Nous et les autres :
Les partis au pouvoir : je les appelle ainsi, car c’est une coalition de parti, qui est au pouvoir et non un parti. Ils se servent des biens communs, comme si c’était leurs patrimoines. Le budget est plutôt pour le fonctionnement du gouvernement, en place et lieu de réaliser des projets pour le peuple. Ceci, est valable pour ceux, qui sont au sommet de l’état. Et ceux qui sont en bas de l’échelle, se servent encore plus du peuple que les autres : Au niveau local, les maires usent du patrimoine foncier pour remplir leurs poches. Encore au plus bas de l’échelle, pire que pire, ils utilisent le nom du peuple pour demander de l’aide et ensuite le mettre dans leurs poches. C’est une honte générale pour les acteurs aux pouvoirs. Je préfère, définir un programme de développement avec un processus bien défini et mettre tous les moyens qu’il faut pour leurs mises en place. Les plus grands voleurs sont dans les gouvernements et généralement, ce sont des ministres et des PCAs. Je ne suis pas comme vous.
Les partis de l’opposition : pour la plupart du temps passent leur temps à critiquer l’action du gouvernement. Sans l’action ou le discours du gouvernement, ils sont dépourvus d’idées et restent inertes. Par ailleurs, leurs terrains politiques se limitent aux télévisions : quelles oppositions de luxe. Ils n’ont aucune idée, aucune initiative et la quasi-moitié d’entre eux sont des paresseux. C’est pourquoi, tout gouvernement, qui passe les snobe. Ils suffisent pour certains que le Président leur fasse un petit clin d’œil, pour qu’ils accouchent un «WAW yay bagne» (Oui en wolof, j’accepte de travaille avec toi, pour le partage du gâteau). Où, est votre idéologie, vos ambitions, votre éthique, le respect envers vos militants ? Je préfère, que nous mettons en place, un programme issue d’une profonde réflexion et tout en affriolant, la mise en œuvre de quelqu’un parmi ces projets pour démontrer nos capacités d’actions en vers le peuple avant de solliciter l’électorat. Je ne suis pas comme vous.
C’est moi et les autres, parce que, je suis dans ma ligne de conduite. Je créée mes propres ressources et je l’injecte pour aider mon peuple. Je suis digne et reste déterminer et fonce tout droit envers mon objectif.
Tels que ces mots, pour définir, que je ne suis pas comme eux. Etre politicien, ne signifie pas promettre l’impossible, ni menteur à son peuple, ni voler l’argent du contribuable. On peut être politicien et reste soi-même.

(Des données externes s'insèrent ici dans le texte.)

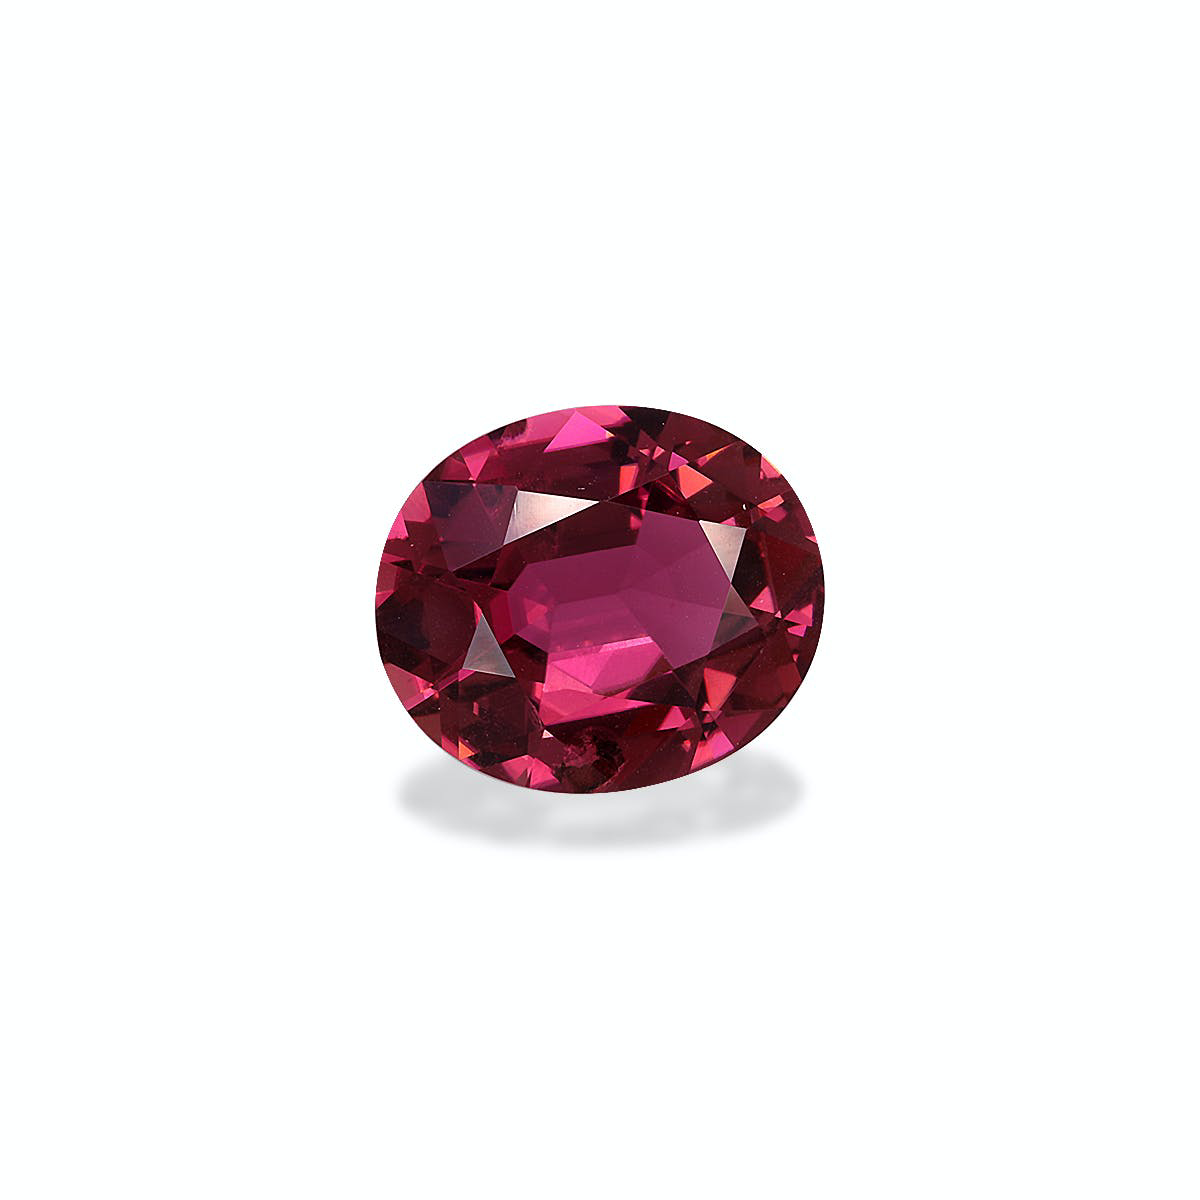 Picture of Rosewood Pink Tourmaline 5.64ct - 13x11mm (PT1214)

C’est la catastrophe, dans un pays où même celui qui n’a pas de certificat ni BFEM peut se prétendre être député ou Ministre de la république. Il faut une remise à niveau des responsabilités. Je propose un Sénégal avec des expertises nouvelles : la pratique à la place de la théorie. L’élection de 2019, sera un combat dur autant pour le pouvoir que l’opposition politique car un nouveau candidat sera bien dans la course.